在一些實施例中，預設要求為差異大於預設差異值；篩選模組32配置為對目標樣本圖像中顯著性區域的輪廓進行填補，得到填補樣本圖像，包括：對目標樣本圖像進行閉運算，得到填補樣本圖像；獲取填補樣本圖像與目標樣本圖像中關於顯著性區域的差異，包括：獲取填補樣本圖像關於顯著性區域的第一面積，以及目標樣本圖像中關於顯著性區域的第二面積；將第一面積和第二面積之差作為差異。 In some embodiments, the preset requirement is that the difference is greater than the preset difference value; the screening module 32 is configured to fill in the contour of the salient region in the target sample image to obtain the filled sample image, including: Perform the closing operation to obtain the filled sample image; obtain the filled sample image and the target The difference in the saliency area in the sample image includes: obtaining the first area of the filling sample image regarding the saliency area, and the second area regarding the saliency area in the target sample image; combining the first area and the second area The difference is the difference.

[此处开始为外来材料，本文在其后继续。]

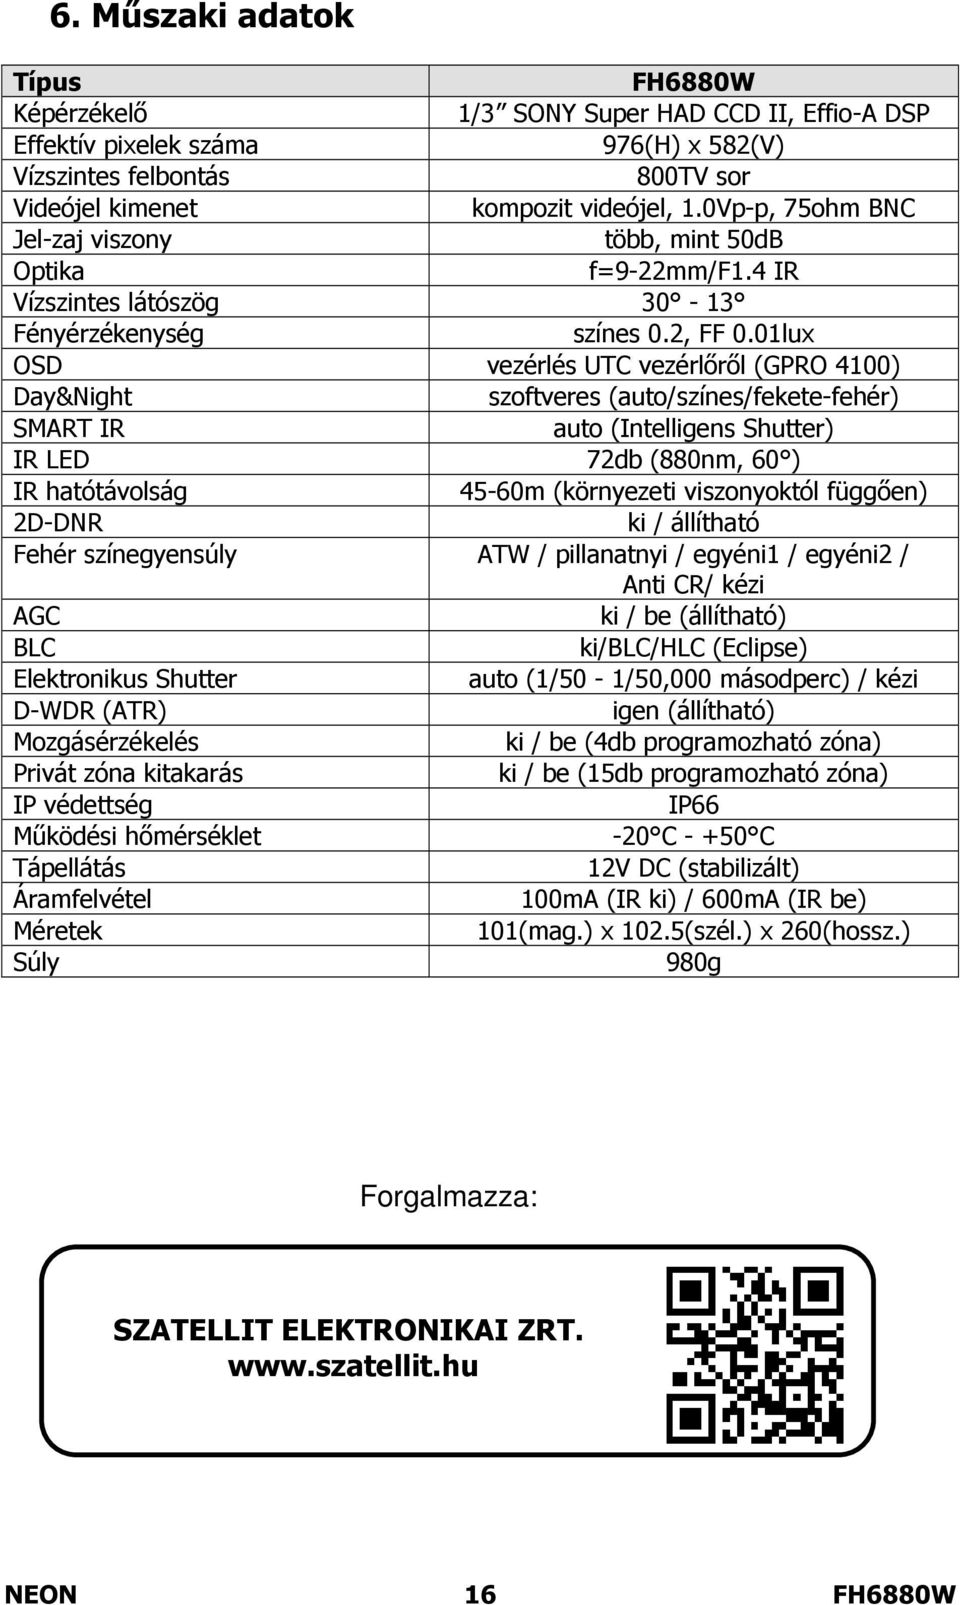 01lux OSD vezérlés UTC vezérlőről (GPRO 4100) Day&Night szoftveres (auto/színes/fekete-fehér) SMART IR auto (Intelligens Shutter) IR LED 72db (880nm, 60 ) IR hatótávolság 45-60m (környezeti

上述方案，若目標樣本圖像中的顯著性區域的輪廓存在較大的缺口，則填補前後的顯著性區域的面積可能存在較大的差異，從而根據填補前後顯著性區域的面積差，即可確定目標樣本圖像中顯著性區域的輪廓是否存在缺失。 In the above scheme, if there is a large gap in the contour of the salient region in the target sample image, there may be a large difference in the area of the salient region before and after filling, so according to the difference in the area of the salient region before and after filling, Determines whether the contours of salient regions in the target sample image are missing.

在一些實施例中，在基於目標樣本圖像中顯著性區域的輪廓缺失情況，對目標樣本圖像進行過濾之後，篩選模組32還配置為：基於填補樣本圖像的顯著性區域的位置資訊，得到目標樣本圖像關於顯著性區域的標注位置資訊。 In some embodiments, after filtering the target sample image based on the absence of the contour of the salient region in the target sample image, the filtering module 32 is further configured to: fill in the position information of the salient region of the sample image based on the location information , to obtain the annotation location information about the saliency region of the target sample image.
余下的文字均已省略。